TALKING TO THE DEAD
I’m thinking of my friend Michael a lot today. It will be a year this Saturday that his beloved wife and my friend Kate died. I have always said grief takes a year based on my own experience and what my mother told me. I think it is going to take Michael longer. I certainly don’t know how he feels because my partner is alive, but every-time I think about him I tap into this unbelievable ocean of grief. Its so powerful I have to will myself away from it. My own experience with grief has made me very awed by it. Far more powerful than anger yet I think you can make friends with it somehow. I am reminded of “Torch Song Trilogy”. Arnold Ma… I miss him.

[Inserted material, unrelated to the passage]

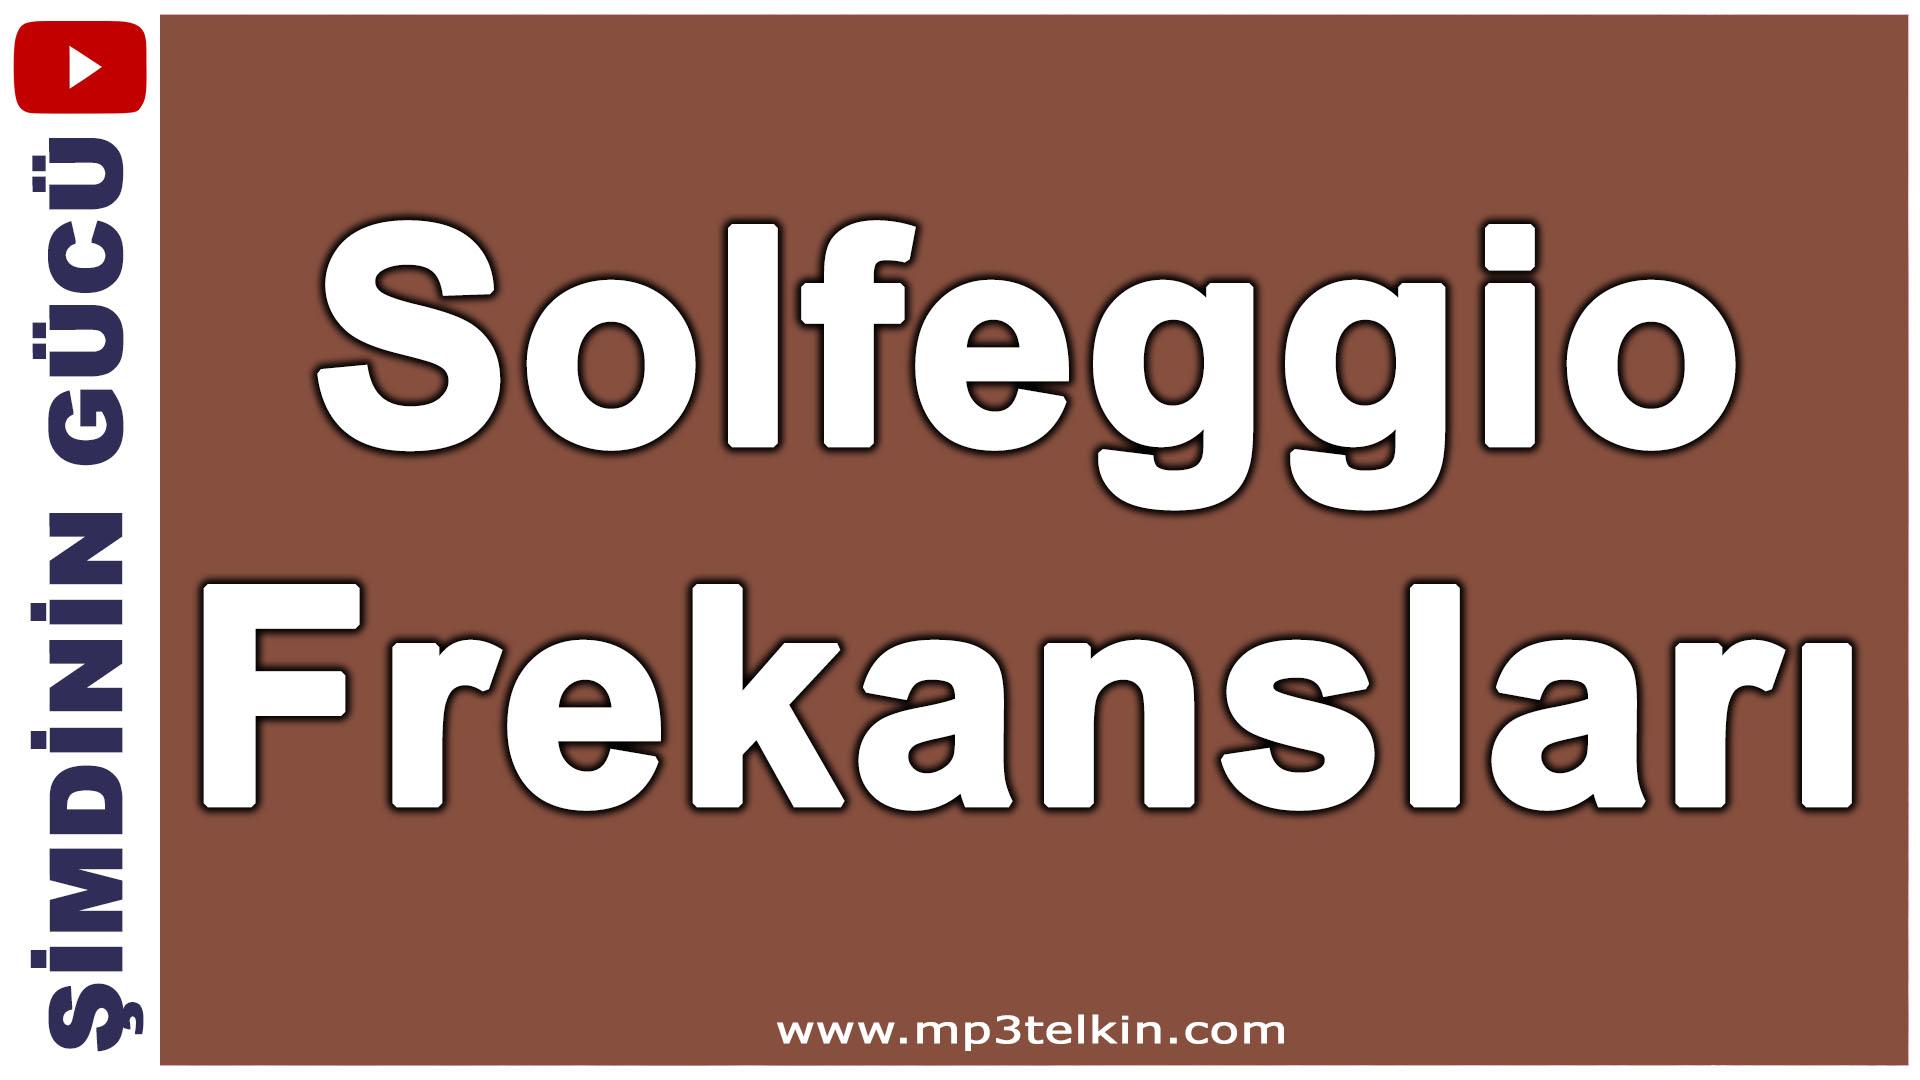 Solfeggio Frekansları
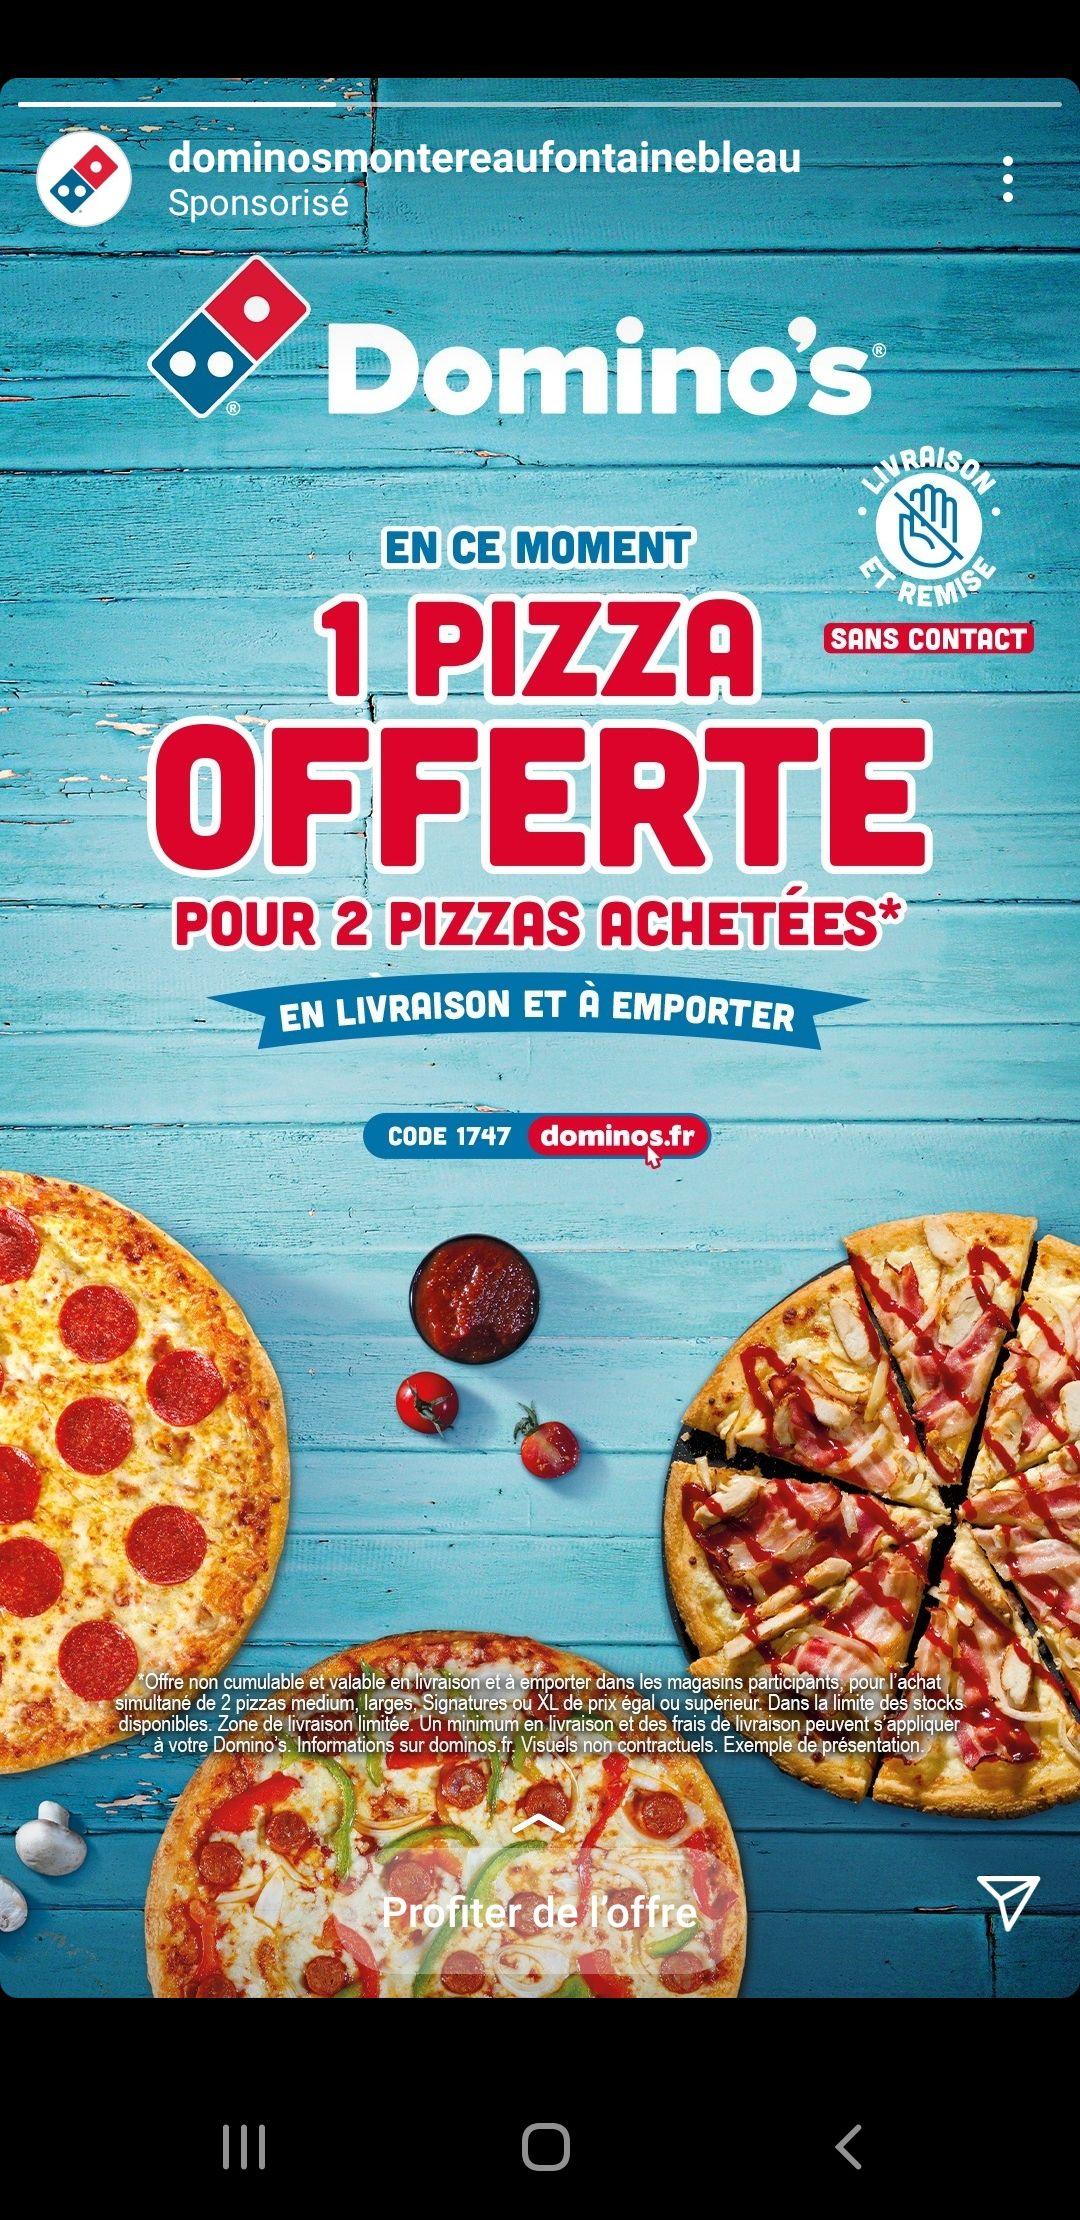 2 Pizzas achetées = 1 Pizza offerte - Montereau et Fontainebleau (77)

: Ma: Give yourself time, Arnold. It gets better… But, Arnold, it never goes away. You can work longer hours, adopt a son, fight with me, whatever… it’ll still be there. But that’s all right, it becomes a part of you, like learning to wear a ring or a pair of eyeglasses. You get used to it. And that’s good. It’s good, because it makes sure you don’t forget. You don’t want to forget him, do you?
I think I do this by talking to the dead. I talk to my dead relatives while I wash the dishes in the morning. Yes, they talk back. I don’t know if it is really their spirits or my memories of them, but it gives me comfort. I talk to Kate when I am looking at “big girl dresses” at Savers, but only the Savers on Lake Street. The other Savers is in the suburbs. Yes she talks back. She has talked me into somethings and out of somethings. Is it her? is it my memory of her? does it matter? It makes me feel better. It makes me remember her. She is one of the dead who walk with me. She is too large in spirit to be a pair of glasses she is more like a flowing orange and purple robe.
Talking to the dead, I recommend it.